The Numbers Behind the Story

A few figures sketch the scale. OpenAI generates roughly $2 billion per month in revenue, annualizing above $25 billion. ChatGPT counts more than 900 million weekly active users and over 50 million paying subscribers. Enterprise revenue now accounts for more than 40% of the total. A March 2026 funding round of $122 billion set the private market valuation at $852 billion.

The IPO targets $1 trillion-plus. The gap between $852 billion and that figure depends on how aggressively the public market prices the growth story Goldman and Morgan Stanley will roadshow over the coming months.

On May 18, a federal jury in Oakland rejected all of Elon Musk’s claims against OpenAI and Sam Altman. Reuters described the verdict as “removing a major legal obstacle ahead of a potential IPO.” Musk said he plans to appeal, but the practical overhang has largely cleared.

OpenAI’s decision to move immediately after that ruling is not a coincidence. The company spent years navigating legal uncertainty. The S-1 filing timing reflects a deliberate response to that clearance.

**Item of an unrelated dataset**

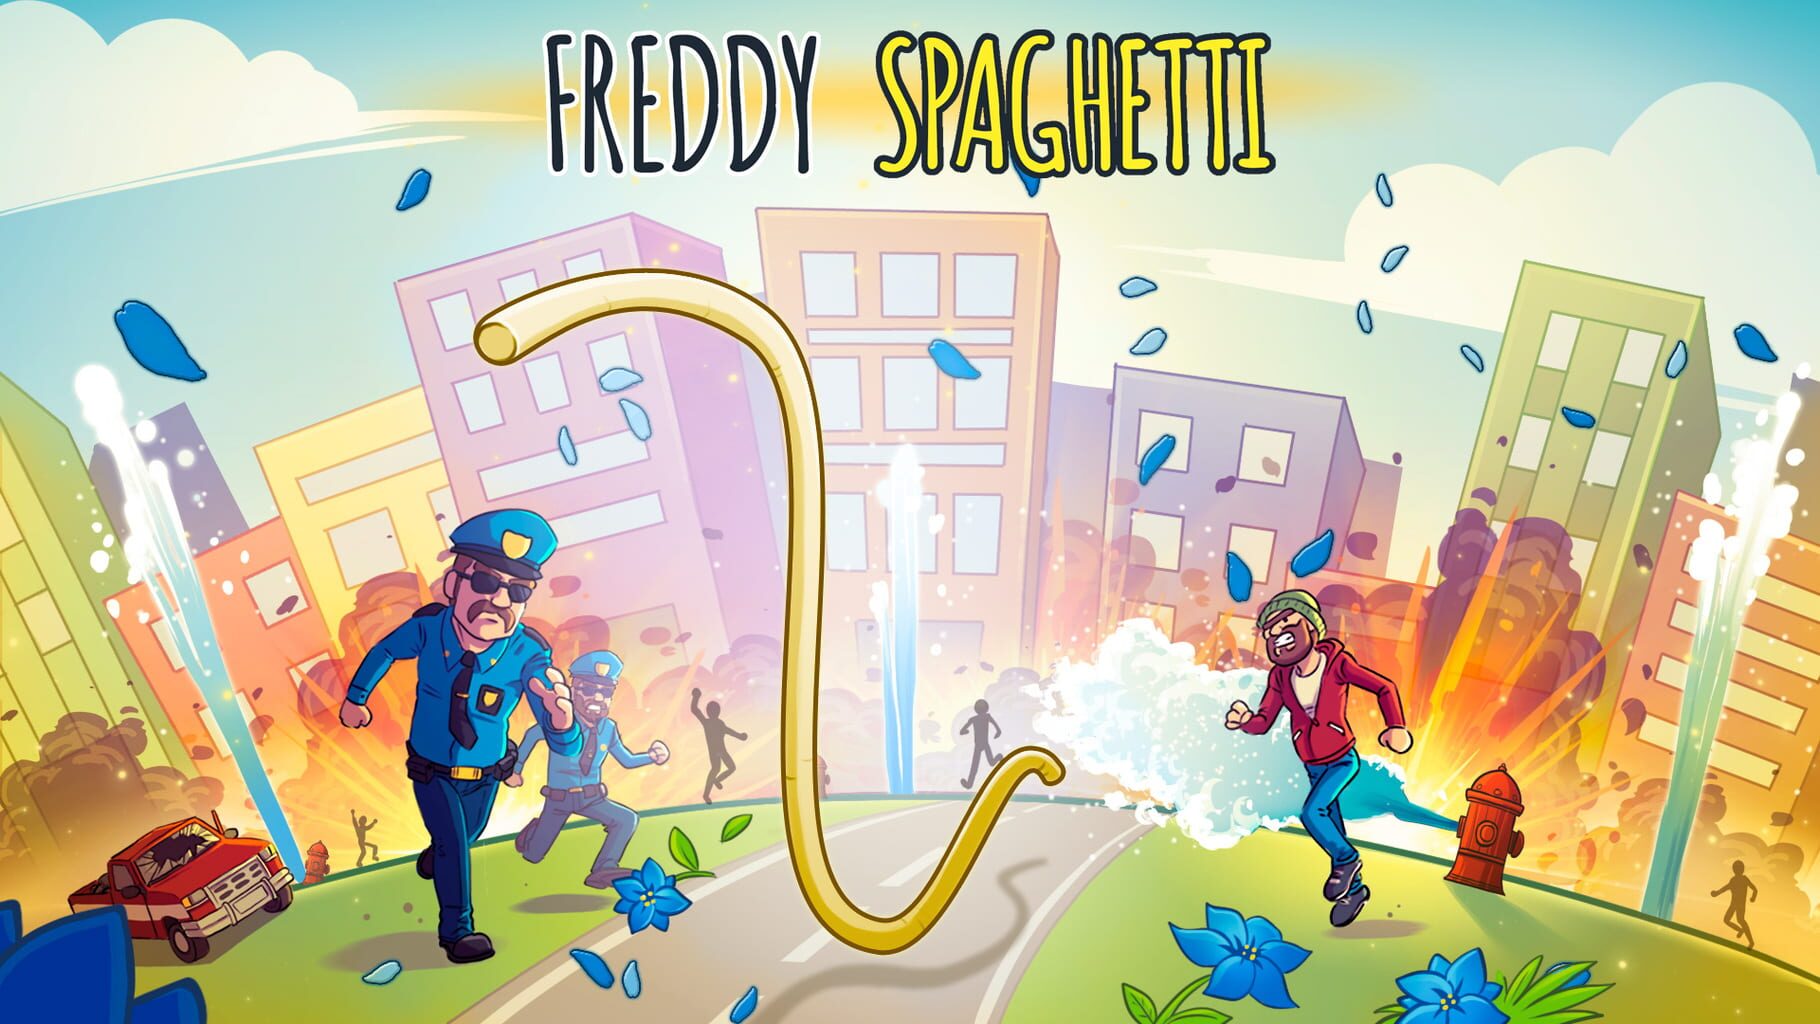 Arte - Freddy Spaghetti

Corporate Structure Meets Public Markets

OpenAI spent much of the past year restructuring around a public benefit corporation — OpenAI Group PBC — governed by the nonprofit OpenAI Foundation. The Foundation holds approximately 26% equity, valued at roughly $130 billion at the target price. Microsoft holds about 27%, worth around $135 billion, along with an IP license extended through 2032 that is now non-exclusive.

What public investors still cannot see: gross margins, compute cost trajectory, the mechanics of the Microsoft partnership on a competitive level, and how the governance structure translates into voting rights. Those details wait for the public version of the S-1.

The confidential filing process, available under the JOBS Act to emerging growth companies, lets OpenAI work through SEC review before exposing its financials to competitors.

Racing Anthropic and SpaceX to the Market

Timing matters here. Anthropic is projecting Q2 annualized revenue close to $44 billion, its first operating profit, and has signaled IPO ambitions of its own. SpaceX filed its S-1 earlier this week, with that document revealing Anthropic’s $1.25 billion per month compute contract with SpaceX’s Colossus infrastructure.

Three of the most valuable private companies in tech may end up competing for the same pool of public market capital within the same window. OpenAI’s first-mover logic: land the narrative before rivals can. Sam Altman has said publicly that getting to public markets first is “very important.” This filing executes that thinking.

What a $1 Trillion Multiple Requires

At $1 trillion and $25 billion in annualized revenue, OpenAI would be priced at roughly 40x revenue. That multiple is defensible for a high-growth company, but sustaining it requires the market to believe three things: revenue growth continues, compute costs compress over time, and the model moat is real.

Cerebras’s 68% debut surge in mid-May gave the market a warm-up. That deal raised $5.5 billion. OpenAI’s raise will be multiples larger, testing liquidity demand at a completely different scale.

The S-1 going public will be the first real look at whether those growth assumptions hold up to scrutiny.